Your task is to return, word for word, only the lines from the line with "Men's black tailored" through the close of the data. Exclude all pictures.
INFORMATION SHOWN START
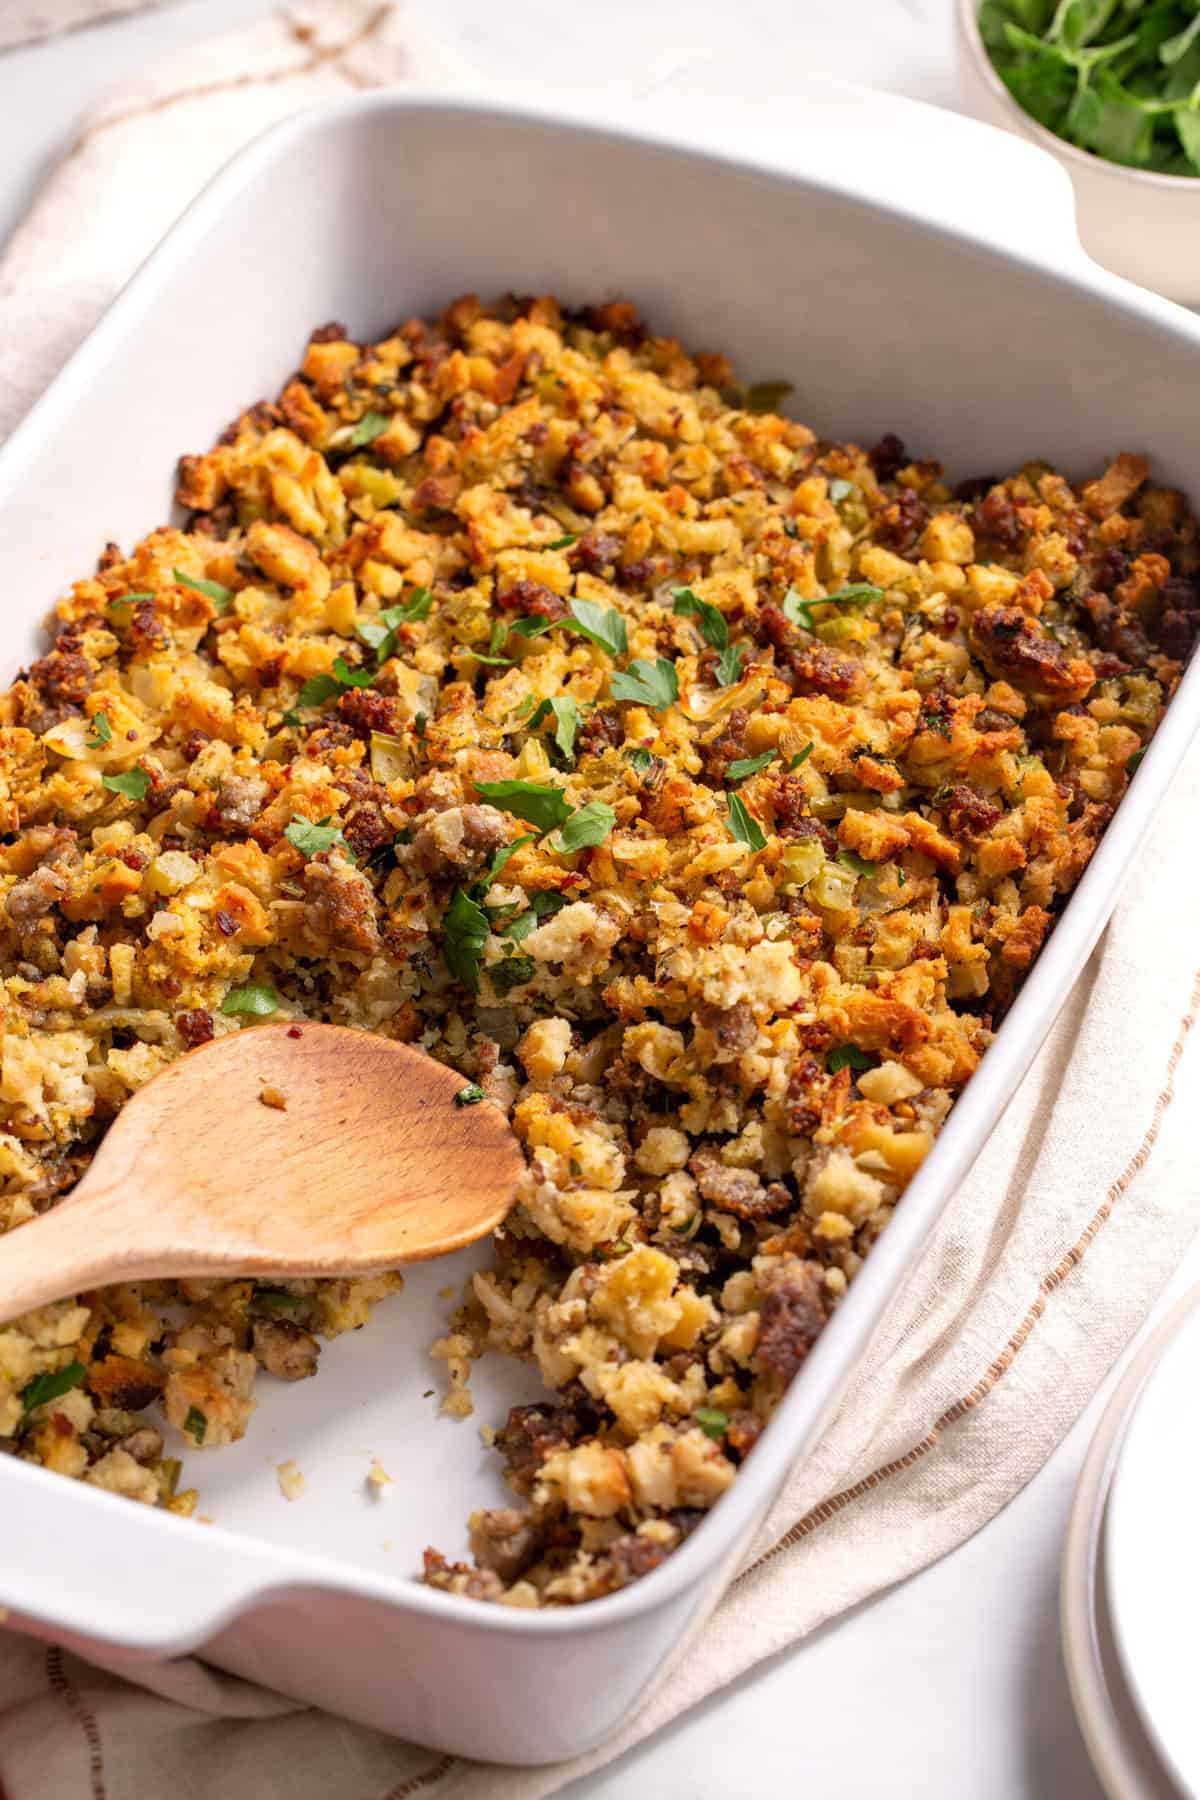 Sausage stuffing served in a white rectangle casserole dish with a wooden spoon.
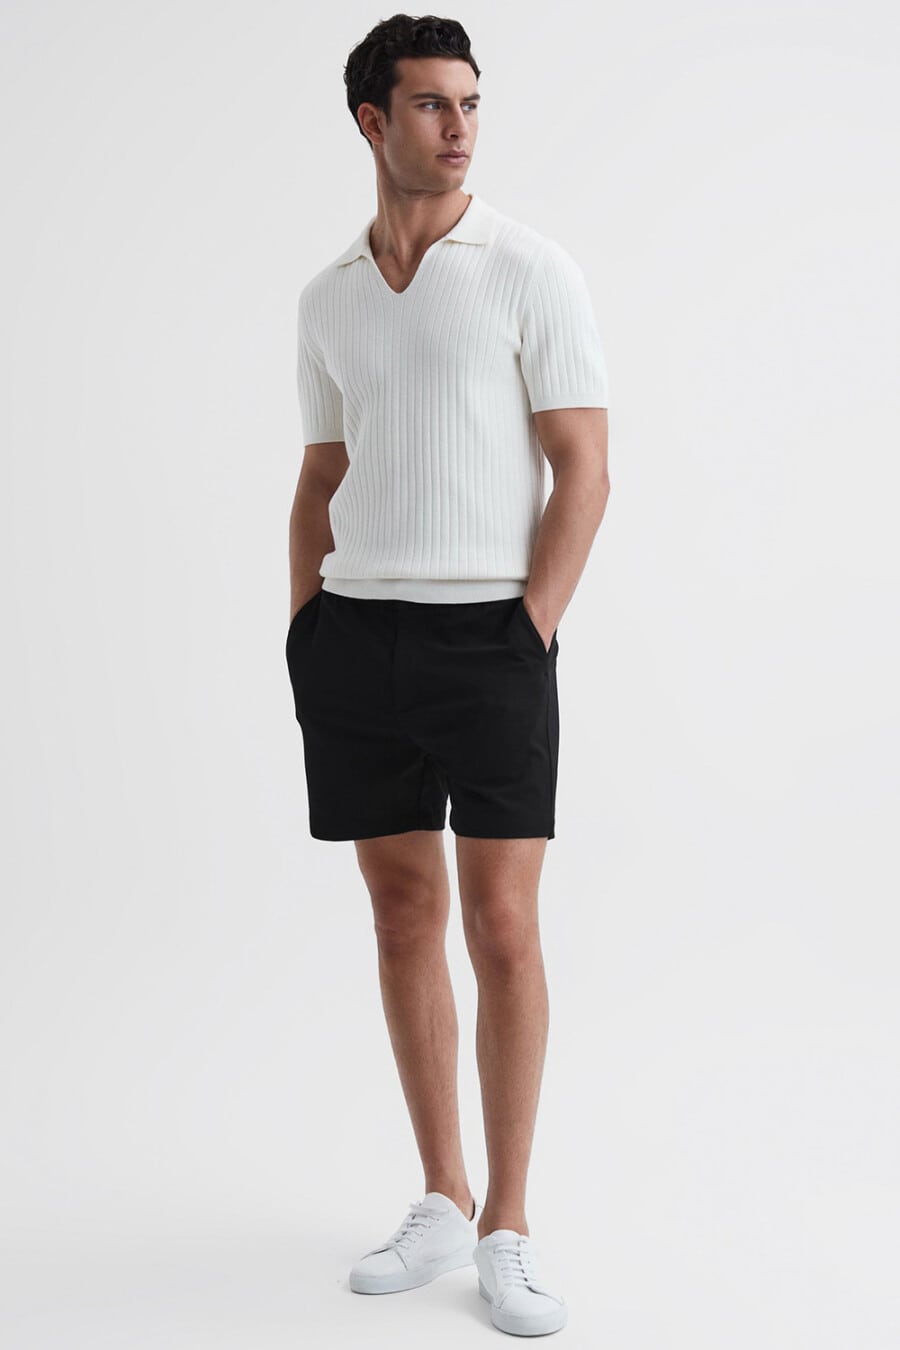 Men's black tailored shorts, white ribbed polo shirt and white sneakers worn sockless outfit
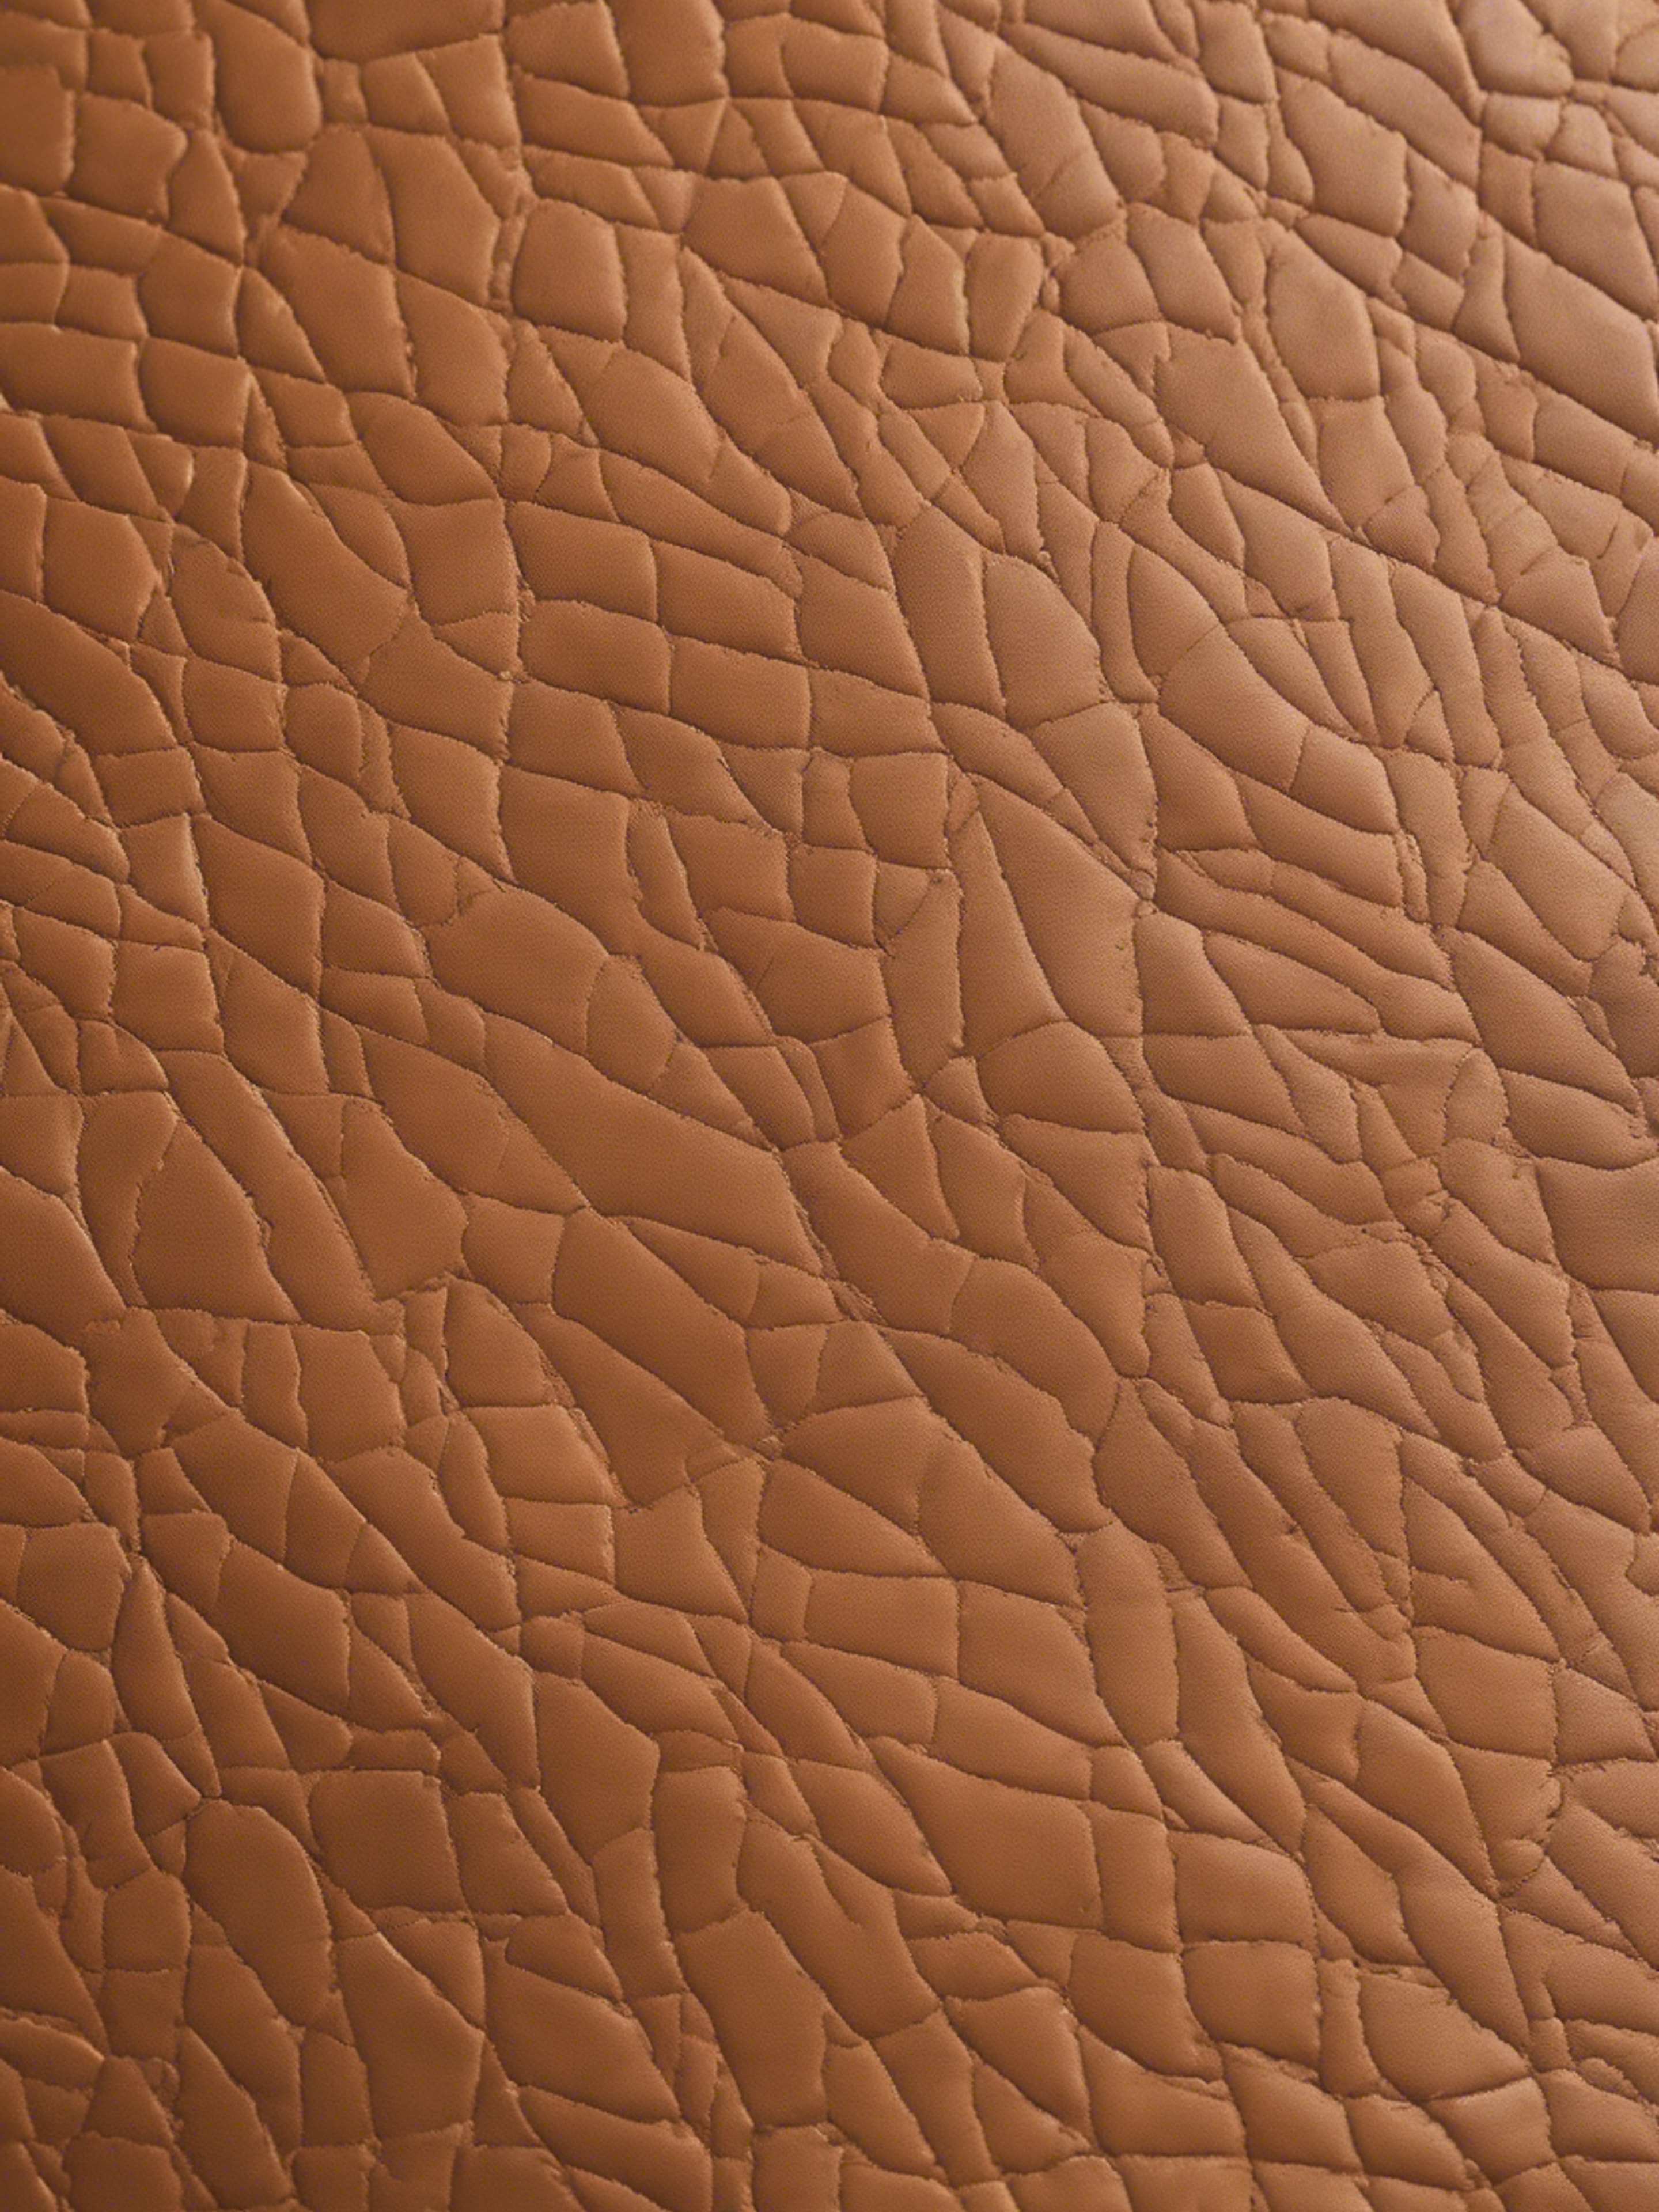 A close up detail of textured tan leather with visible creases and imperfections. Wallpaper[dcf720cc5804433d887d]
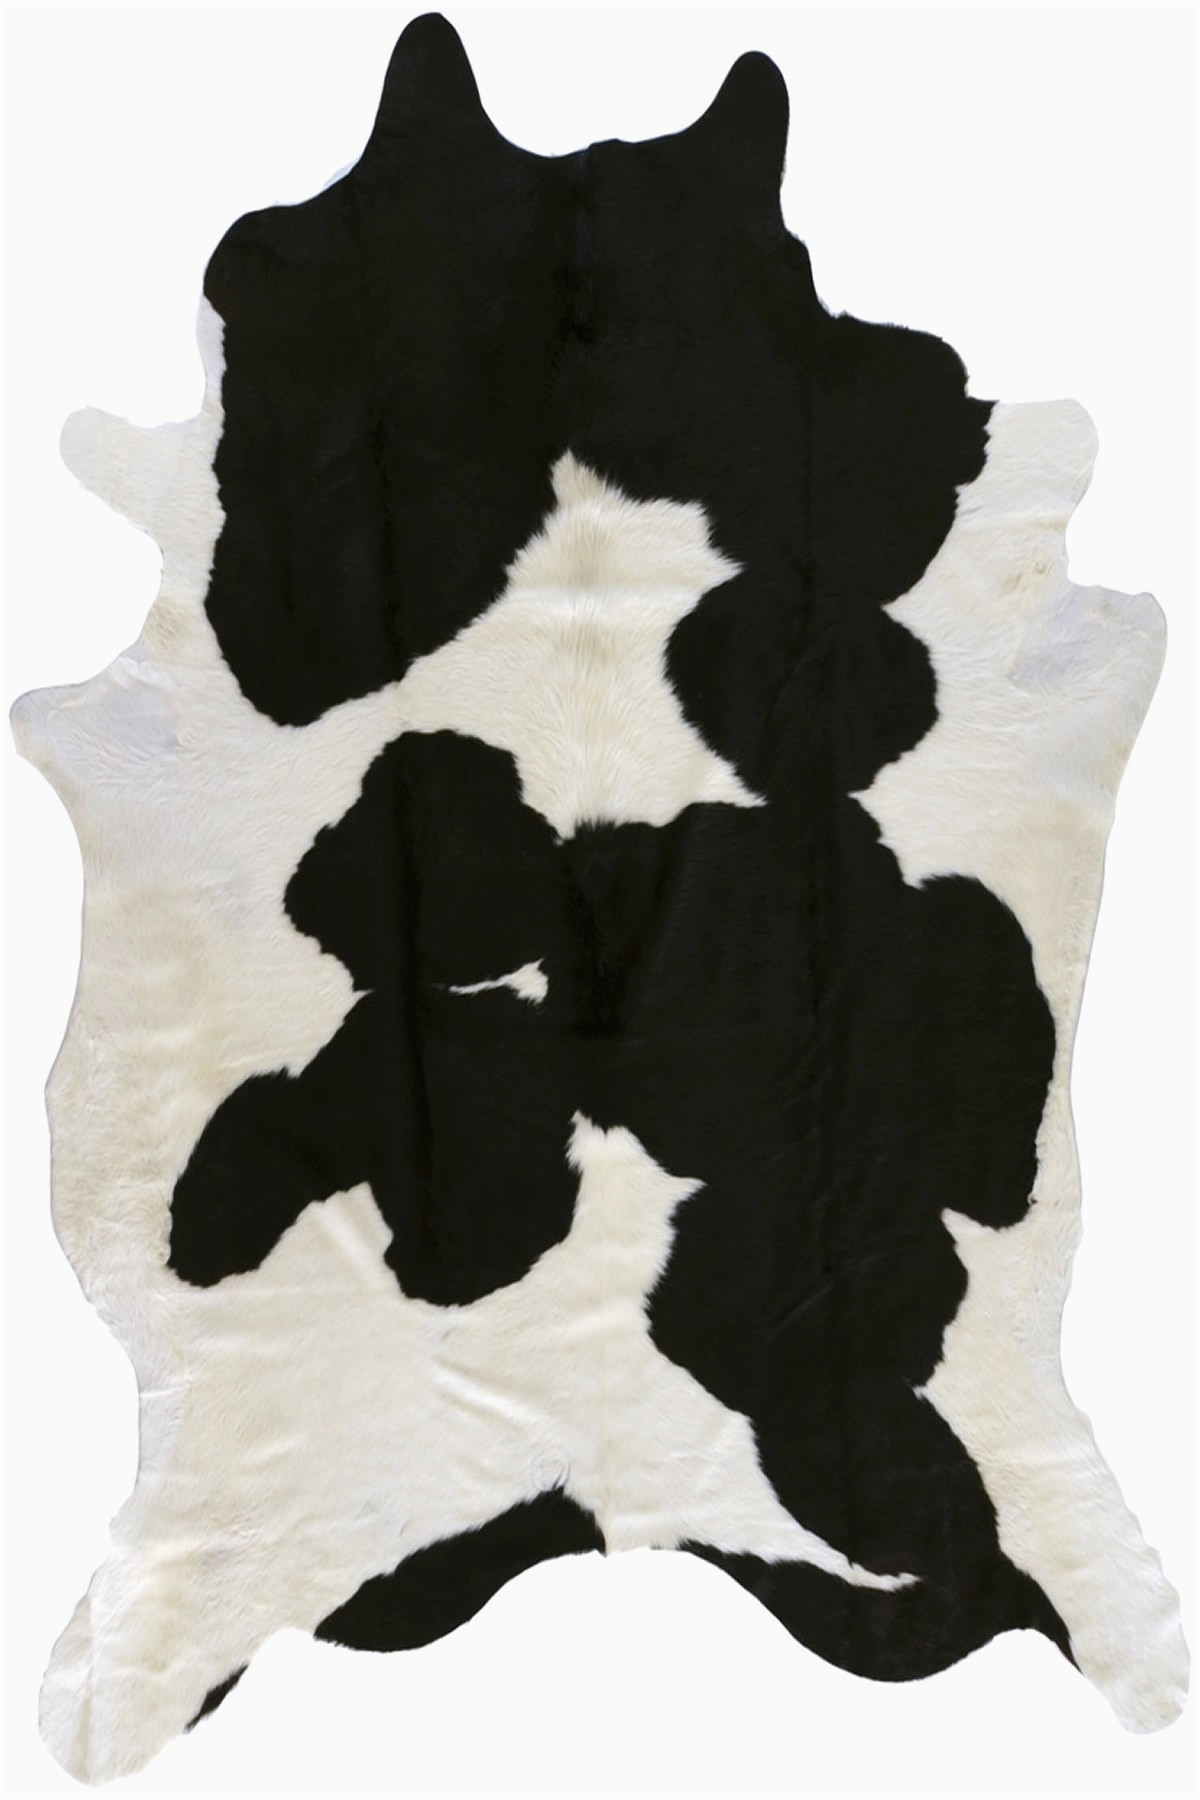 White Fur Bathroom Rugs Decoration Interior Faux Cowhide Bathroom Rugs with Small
INFORMATION SHOWN END
WORKED SOLUTION:
 Men's black tailored shorts, white ribbed polo shirt and white sneakers worn sockless outfit
 A close up detail of textured tan leather with visible creases and imperfections. Wallpaper[dcf720cc5804433d887d]
 White Fur Bathroom Rugs Decoration Interior Faux Cowhide Bathroom Rugs with Small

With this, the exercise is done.